Parsing products from competitors' websites for 1C-Bitrix

Our company is engaged in the development, support and maintenance of Bitrix and Bitrix24 solutions of any complexity. From simple one-page sites to complex online stores, CRM systems with 1C and telephony integration. The experience of developers is confirmed by certificates from the vendor.
Our competencies:
Development stages

Parsing Products from Competitor Websites for 1C-Bitrix

An online store without current competitor data loses ground on price and assortment. Manual monitoring of 500+ product lines is not cost-effective. The solution is a parser that collects product data from competitor websites and loads it into a 1C-Bitrix infoblock for subsequent analysis or automated responses.

Solution architecture

A competitor parser is a separate module that does not interact with the main catalog directly.

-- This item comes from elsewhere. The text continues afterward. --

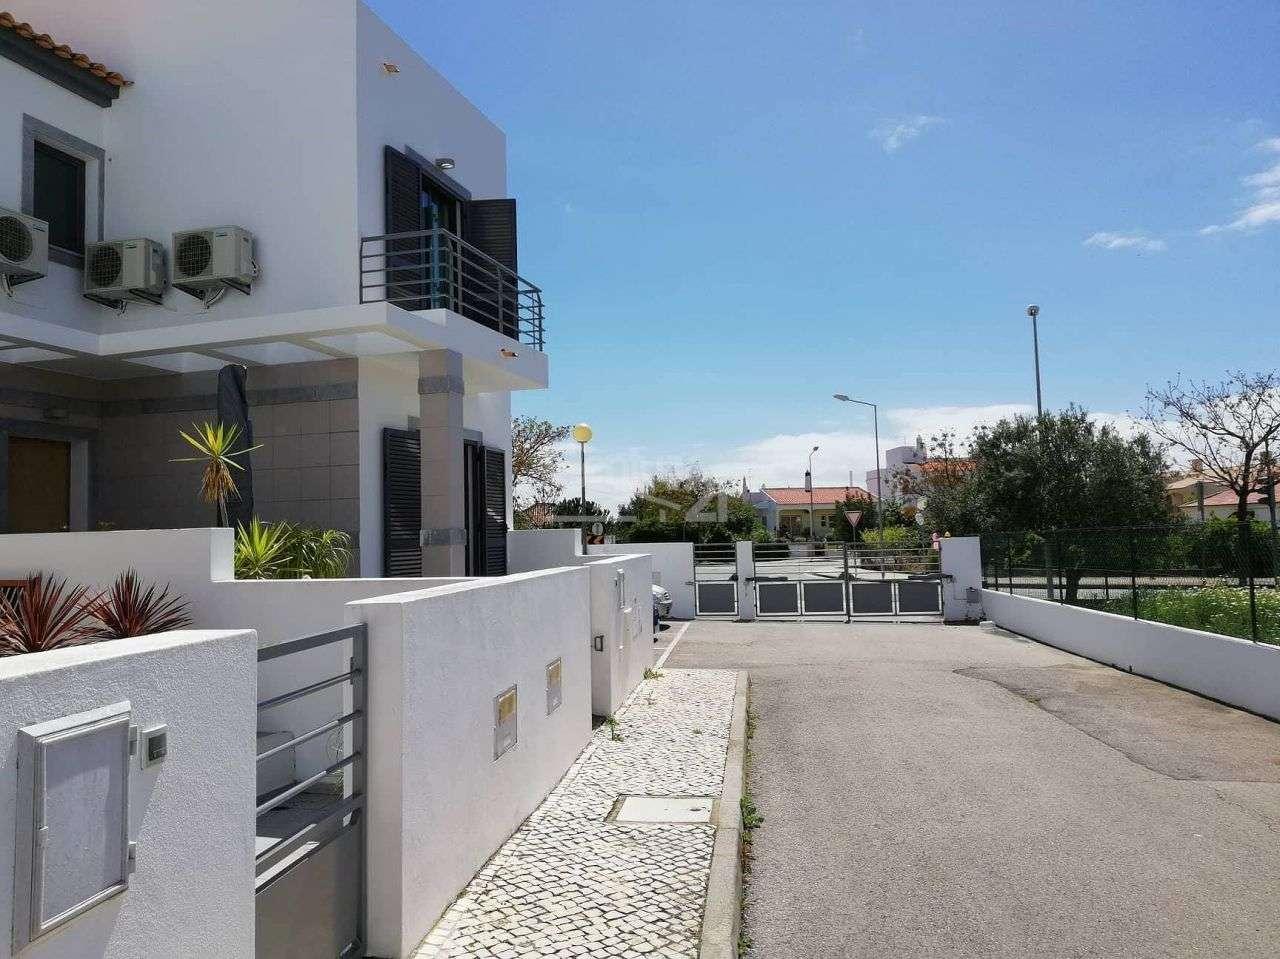 Moradia para comprar, Ferreiras, Faro - Foto 2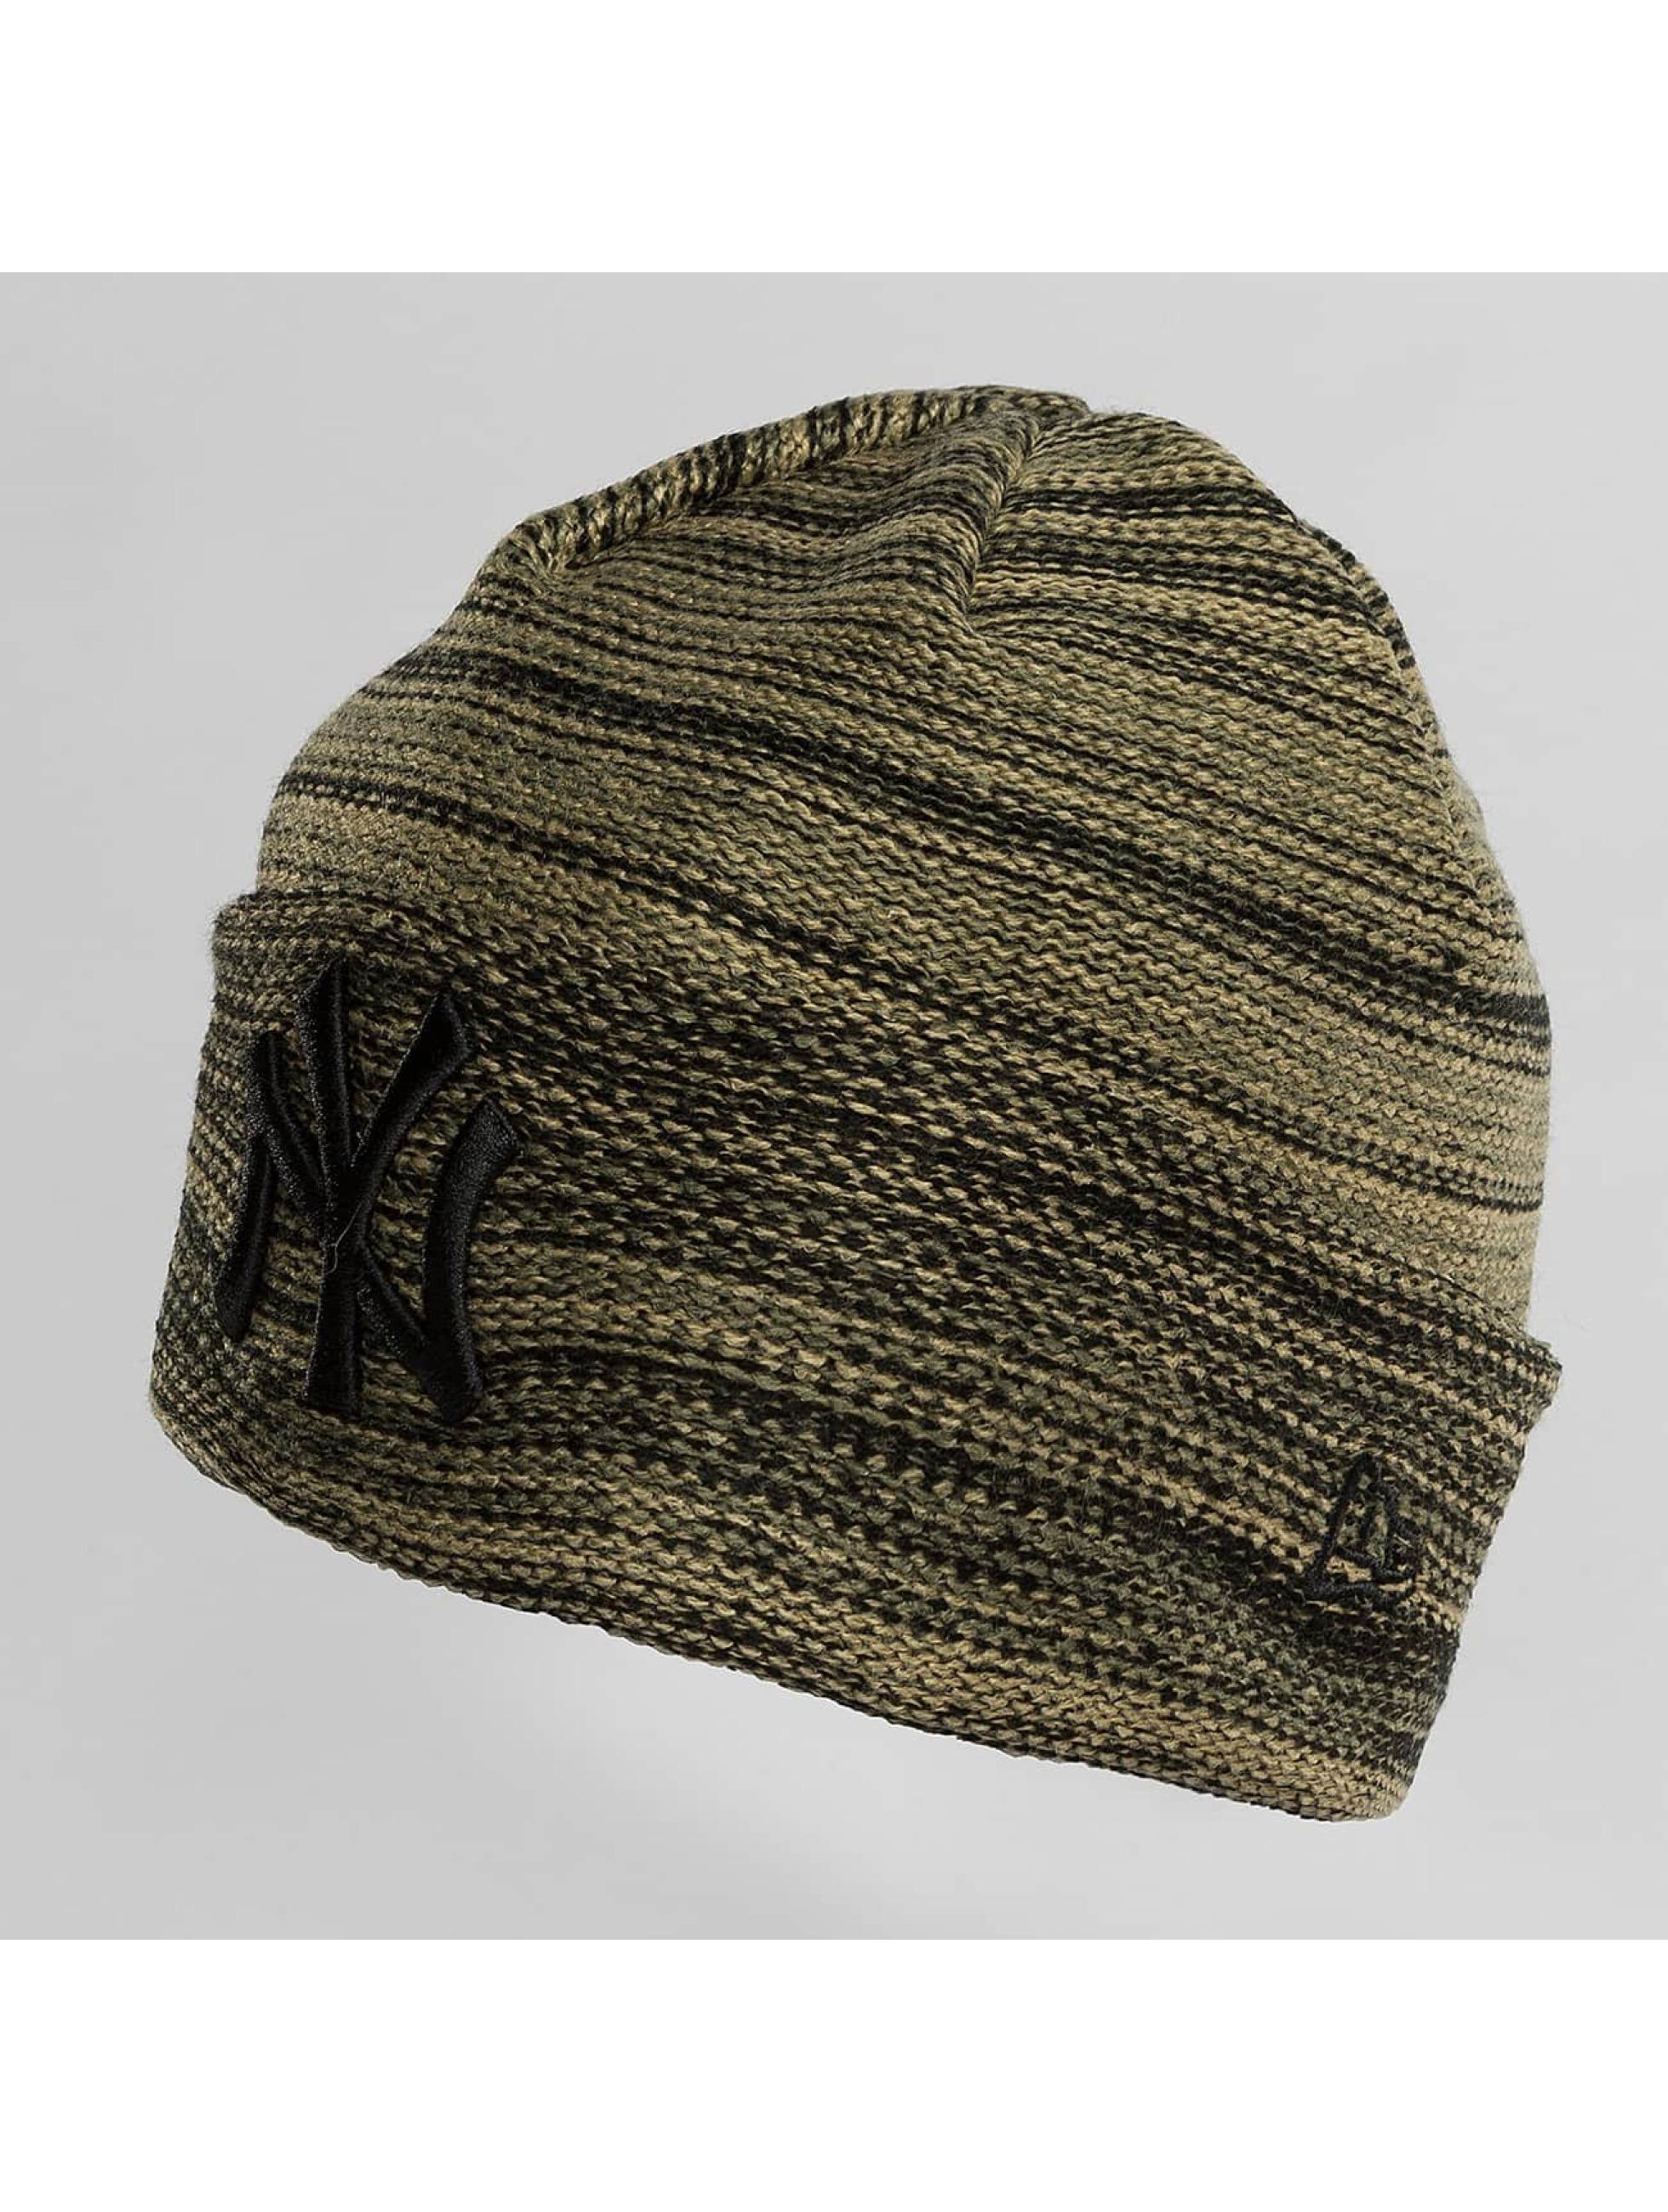 New Era Hat-1 Marl Cuff NY Yankees green

Typical scheme:

  1. Collector — a PHP/Python script using Guzzle or Symfony HttpClient, crawling the competitor's pages
  2. Intermediate storage — a dedicated infoblock COMPETITORS_CATALOG or a database table
  3. Analytics layer — comparison against b_catalog_price of your own store
  4. Action trigger — updating prices via CCatalogProduct::Update() or sending a notification to the manager

Storing competitor data directly in the main catalog is bad practice: it pollutes b_iblock_element and breaks search indexes.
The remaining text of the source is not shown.